An new initiative by the Chinese government to try to find the homes of stolen and trafficked children was in the news this week (see “Chinese crackdown nets thousands of ’stolen’ children“). The news is about the creation of a website, named “Baby Look For Home.” You can find it at http://www.mps.gov.cn/n16/n983040/n1928424/index.html.
As the newpaper article states:
“Many, if not most cases are not formally listed because local police are unwilling or unable to investigate crimes that usually involve crossing provincial borders. As well, many of the parents think police might be complicit in the kidnappings. It is a lucrative business that can net about $4,000 for each boy sold and about $1,000 per girl… The abducted children are mostly boys and are sold to families who want a son. The girls are often sold into marriage or to agencies that arrange foreign adoptions.”
The sale of children within China has made the news as far back as 2001 (see “China’s Baby Traffickers“) and kidnapping since 2006 (see “Stealing Babies for Adoption“) Despite this sordid history,China is lauded as having an “ethical” international adoption system that prospective adopters can have confidence in:
“For a family looking to adopt from the most ethical country, China is the best choice. They are highly regulated and have increasingly good orphanage conditions” (Thome, 2007)

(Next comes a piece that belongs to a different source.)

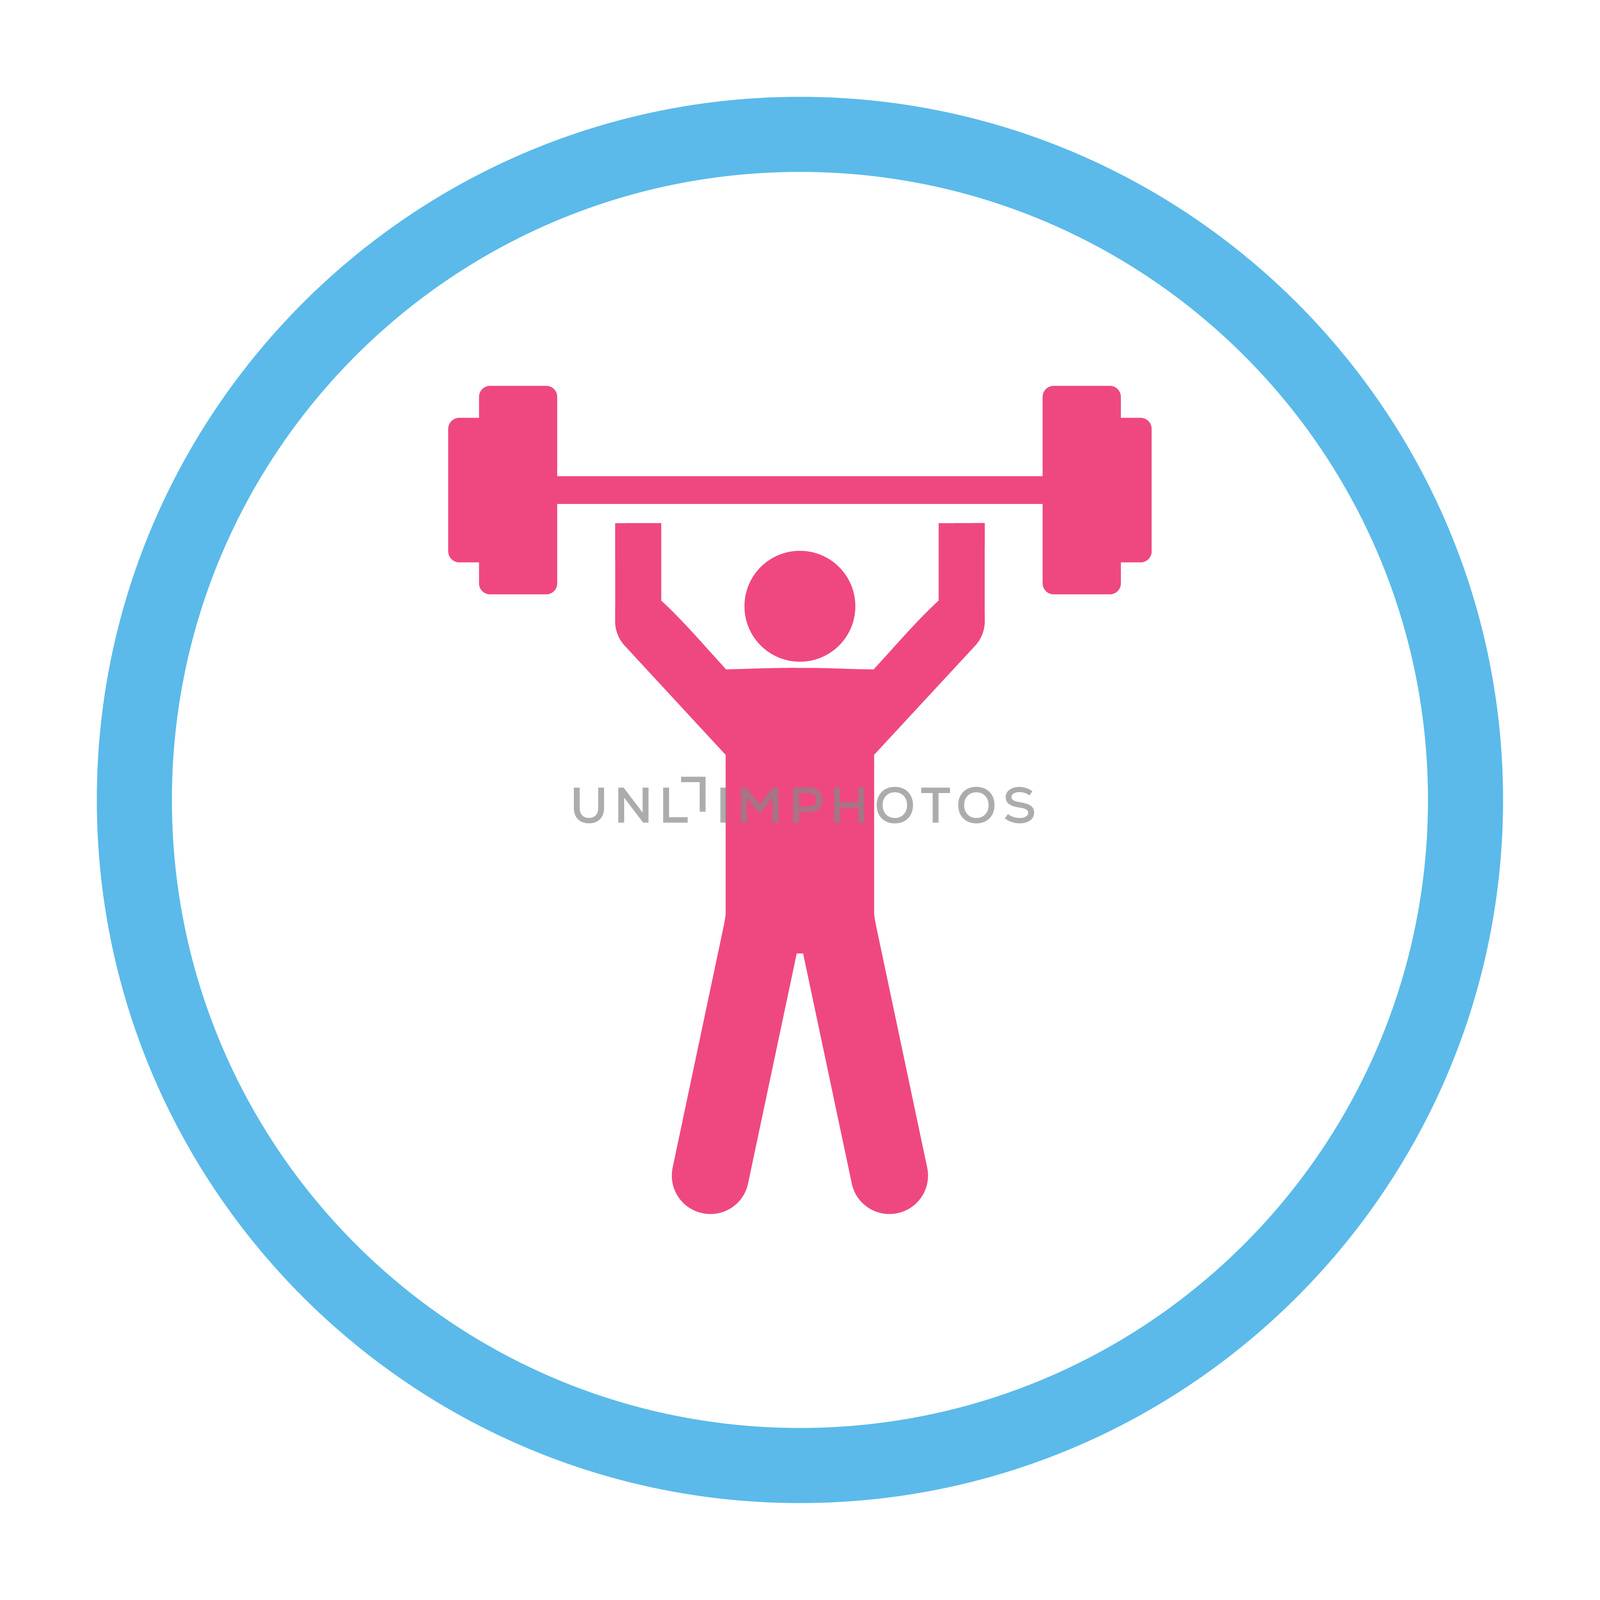 Power lifting glyph icon. This rounded flat symbol is drawn with pink and blue colors on a white background.

But, given China’s history of not enforcing laws against the sale of children within China, how is any Westerner able to guarantee that the child they are adopting from China is not stolen? From the above quote, it appears that little girls in China, those same girls that are supposedly abandoned, are selling for up to $1000: not exactly a price that would be charged if there were a surplus of “product” on the market.
But agencies and orphanages stand to make a lot of money on each transaction, so unfortunately they have a financial incentive to hide this information from “clients.” (Perhap more “ethical” adoptions ( an oxymoron?) will only occur once no-one’s paycheque depends upon the transaction being made, where there is no financial incentive to kidnap, abduct, or coerce.)
“Mr. Peng … said some of the girls were sold to orphanages. They … often end up in the United States or Europe after adoptive parents pay fees to orphanages that average $5,000.” (New York Times, April 4, 2009).
Anyway, I wonder if this new website may be able to serve those who have adopted a child from China and wonder if that child has been abducted? Many people adopted children from China, trusting in the assurances of baby brokers whom they now realize may have been lying or omitting the truth, and some of them now want to search, to find their child’s natural parents and discover if that child really was abandoned, or whether the child was kidnapped or the parents were coerced to surrender. Maybe a photo-listing of that child on “Baby Look for Home” may be at least provide a small chance of finding the child’s natural parents and the truth? I wonder if the Chinese government would cooperate?
(P.S. If you check out the “Baby Look for Home” site and cannot read Mandarin, you’ll find Google Translate to be a useful tool.)